[Paper review] EgoVLA
업데이트:
How can we teach robots complex manipulation skills? Until now, the dominant approach has been to directly operate robots and collect data. However, this method is expensive, and more importantly, it has a fundamental limitation: you need to have a robot to collect data in the first place.
But if you think about it, there are already 8 billion “robots” in the world performing all kinds of manipulation tasks every day, in diverse environments. They are humans. EgoVLA starts from this idea.
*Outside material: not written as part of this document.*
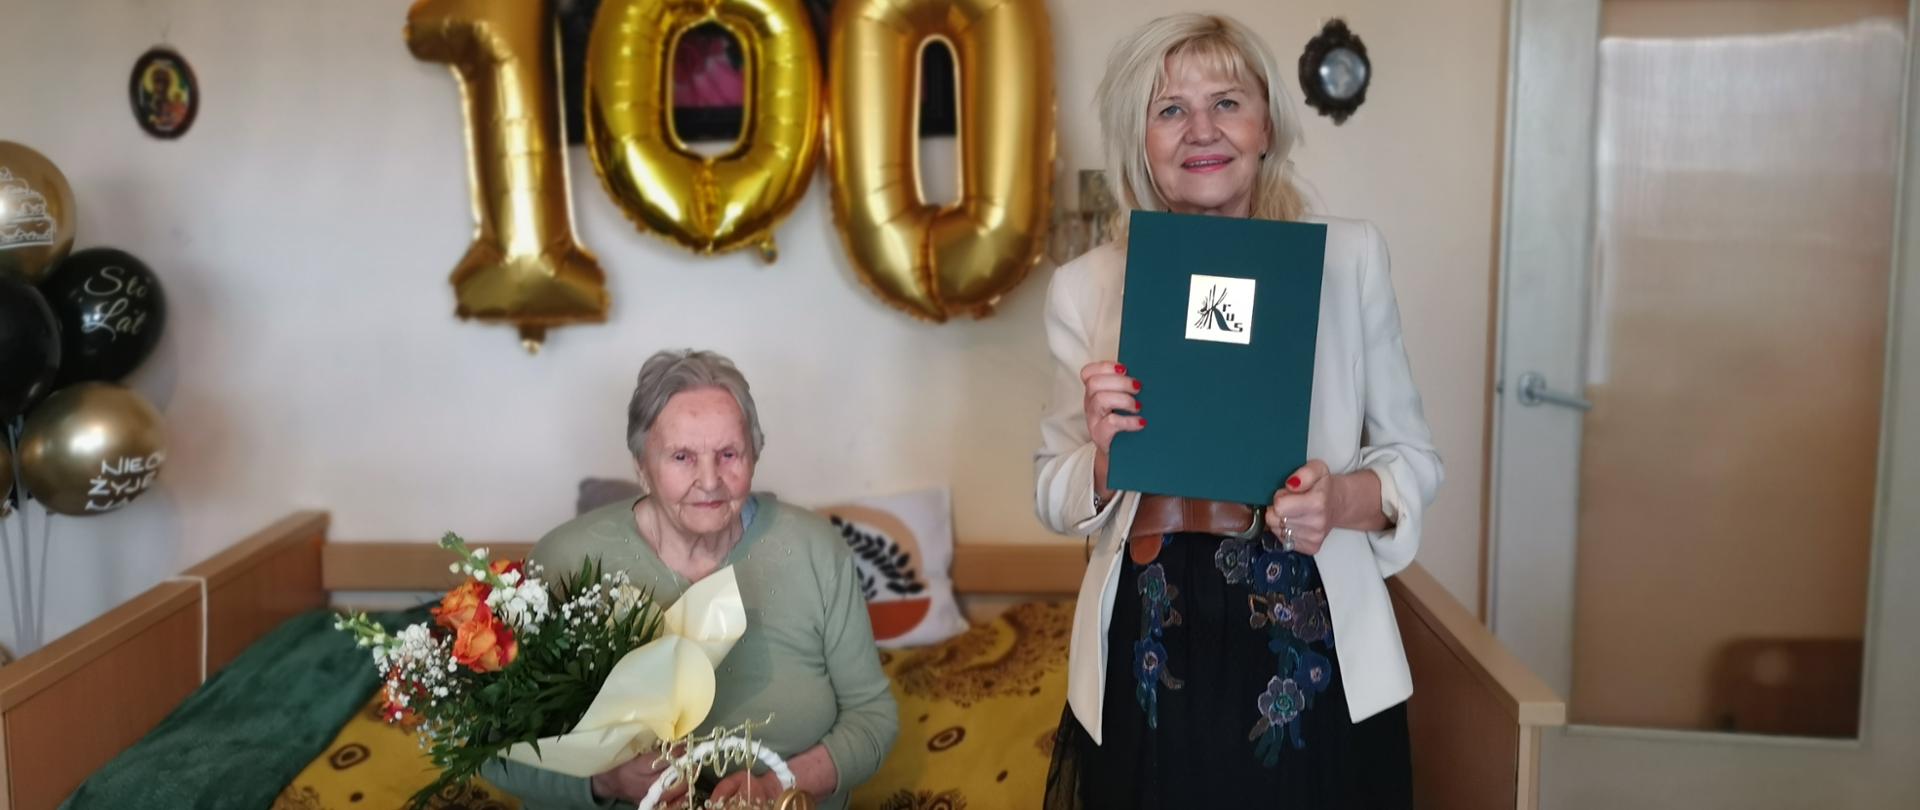 Po lewej Jubilatka z bukietem kwiatów siedzi przy stole obok stoi kobieta z dyplomem KRUS w dłoniach., z tyłu balony kształcie liczby 100.

If we can learn robot policies from human egocentric videos, wouldn’t we be able to secure not only large-scale data, but also diversity in tasks and environments?
Core Idea
Why Human Videos?
The problems with robot data collection are clear:
- Requires robots and expert operators
- Time-consuming and costly
- Impossible to collect data in environments robots cannot access
- Complex tasks are hard to capture even with teleoperation
In contrast, human egocentric videos:
- Already exist at large scale
- Cover diverse environments and tasks
- Capture fine-grained hand movements
Key Insight
The authors’ key observation is the following: the gap between human and robot action spaces is smaller than expected and can be approximated with a few geometric transformations.
Based on this, EgoVLA:
- Trains a Human VLA using human egocentric videos
- Learns to predict wrist positions and hand joint angles
- Transforms them into the robot action space (inverse kinematics + retargeting)
- Fine-tunes with a small amount of robot demonstration data
This enables learning manipulation policies without massive robot datasets.
Methodology
Overall Pipeline
The training pipeline of EgoVLA consists of three main stages:
[Stage 1] Pretraining on human video data
↓
[Stage 2] Unified action space definition
↓
[Stage 3] Fine-tuning with a small amount of robot data
Model Architecture

EgoVLA is built on top of a vision-language model, specifically using NVILA-2B as the backbone.
Inputs:
- Visual observations: current frame + past 5 frames (1 second history, 384×384 resolution)
- Language instructions: natural language description of the task
- Proprioceptive states: wrist position/rotation, hand joint angles
- Action query tokens: special tokens for future action prediction
Outputs:
- Wrist pose (3D position + rotation in the camera frame)
- Hand joint parameters (top 15 PCA components of the MANO model)
- 30-step future prediction up to 1 second (30 Hz)
Action Head:
- 6-layer transformer (300M parameters)
- Hidden size: 1536
- Simultaneous trajectory prediction for both hands
Loss Function:
L = λ_wrist_trans * L_wrist_trans + λ_wrist_rot * L_wrist_rot + λ_joint * L_joint
- Wrist translation: L2 loss
- Wrist rotation: Rot6D rotation loss
- Hand joints: L2 loss
Unified Action Space
This is the core design that bridges the gap between humans and robots.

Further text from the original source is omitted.